A Reflection for Saturday of the Fifth Week in Ordinary Time

To the woman he said:

"I will intensify the pangs of your childbearing;
in pain shall you bring forth children.
Yet your urge shall be for your husband,
and he shall be your master." (Gen 3:16)

I was inspired by my colleague Molly Cahill’s reflection on Thursday, which you should read right now if you haven’t already. She wrote about unpacking the Genesis story as a both Catholic and a feminist.

Molly asks, “What are we supposed to take away from Scripture passages about women?” and looking at today’s first reading I’m confronted with the same question. In it, woman bears the guilt for humanity’s fall from grace while God tells her: “Your urge shall be for your husband, and he shall be your master.” Though it’s not the only place in the Bible that suggests female subservience, it’s especially troubling as the creation story of the whole human race.

Genesis stories play a huge role in defining our group identities, and that can be devastating when the passage of time invariably brings problems to the surface. Last week, I wrote about Jean Vanier, who founded L’Arche International, and a new report that unearthed his sexually abusive motivations for starting the community. For decades, Vanier and his founding were integral to the identity of L’Arche. How can that identity remain intact while confronting past wrongs?

Only through transparency and accountability can people show that they are in fact learning and growing, that they are not defined by the dated tenets of the past.

Transparency and accountability are the only ways to move forward. L’Arche is not shying away from the crimes of its founder, instead taking responsibility to redress them. Only through transparency and accountability can people show that they are in fact learning and growing, that they are not defined by the dated tenets of the past.

As Sarah Nicholson and Zanne Domoney-Lyttle of Open Theology wrote, passages from Genesis have a “blood-soaked and troubling” history as tools for oppressing women, and, more recently, transgender and nonbinary people as well. Hebrew and early Christian ideas of gender grew out of an imperfect and misguided understanding of the world; it is up to us, today, to move past them.

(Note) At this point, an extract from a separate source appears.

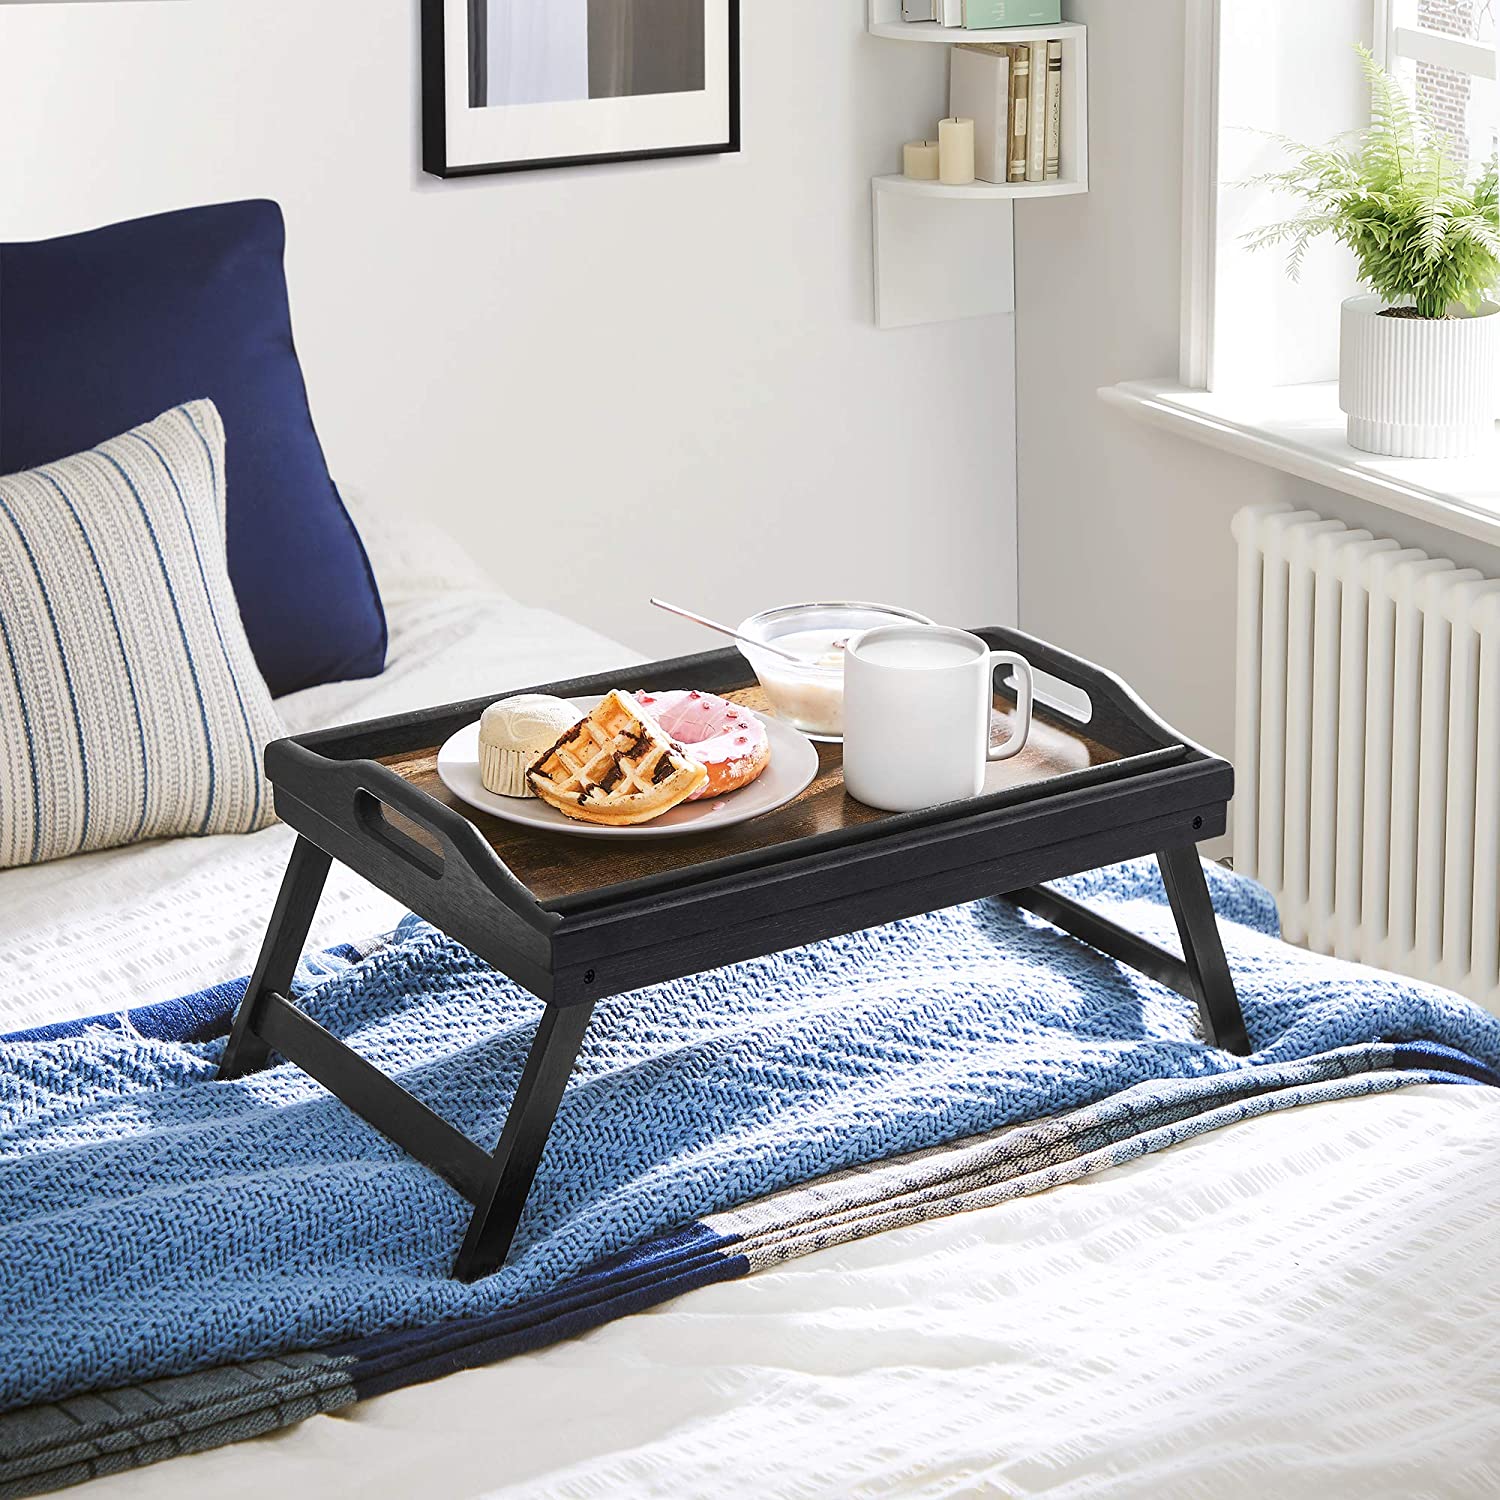 How to Make a Serving Tray with Collapsable Legs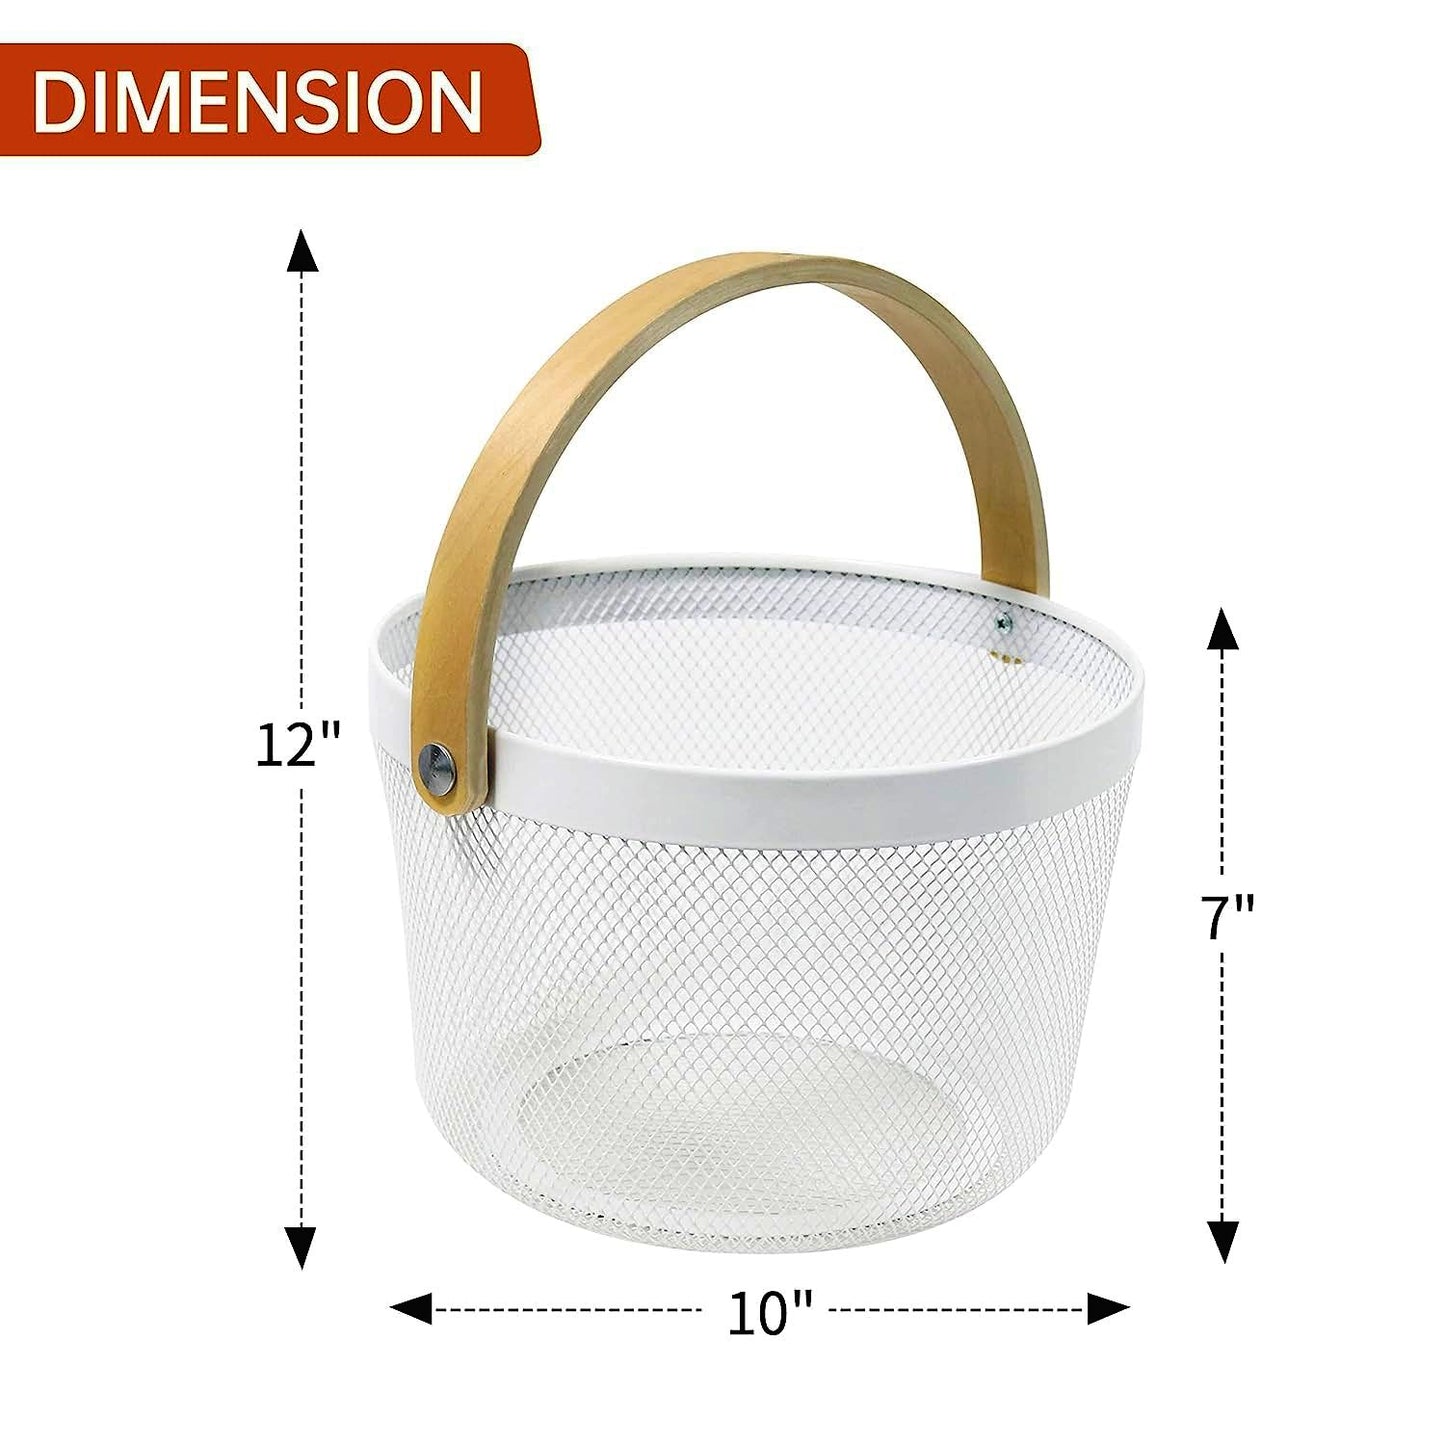 Mesh Steel Basket with Wooden Handle-Round White Apricot

If we try instead to ignore or justify passages like Genesis 3:16, we cannot hope to find any meaningful truth in them.

As Molly wrote, we don’t have to discard the Bible solely because of its prejudice against women—as long as we can recognize and relinquish that prejudice. Reconsideration of old rules has a long history in Christianity, starting with St. Paul himself and the debate over retaining Jewish practices for Gentile converts.

Ultimately, the point is this: Just because the creation story is influenced by ancient misogyny doesn’t mean that we have to be. Australian theologian William Loader wrote that “It is better to take scripture seriously, as we should on what it says about women and circumcision, and recognise that its truth also inspires us to deal with new situations and new knowledge in ways consistent with its core value of social justice.” In other words, remember what it’s really about: love.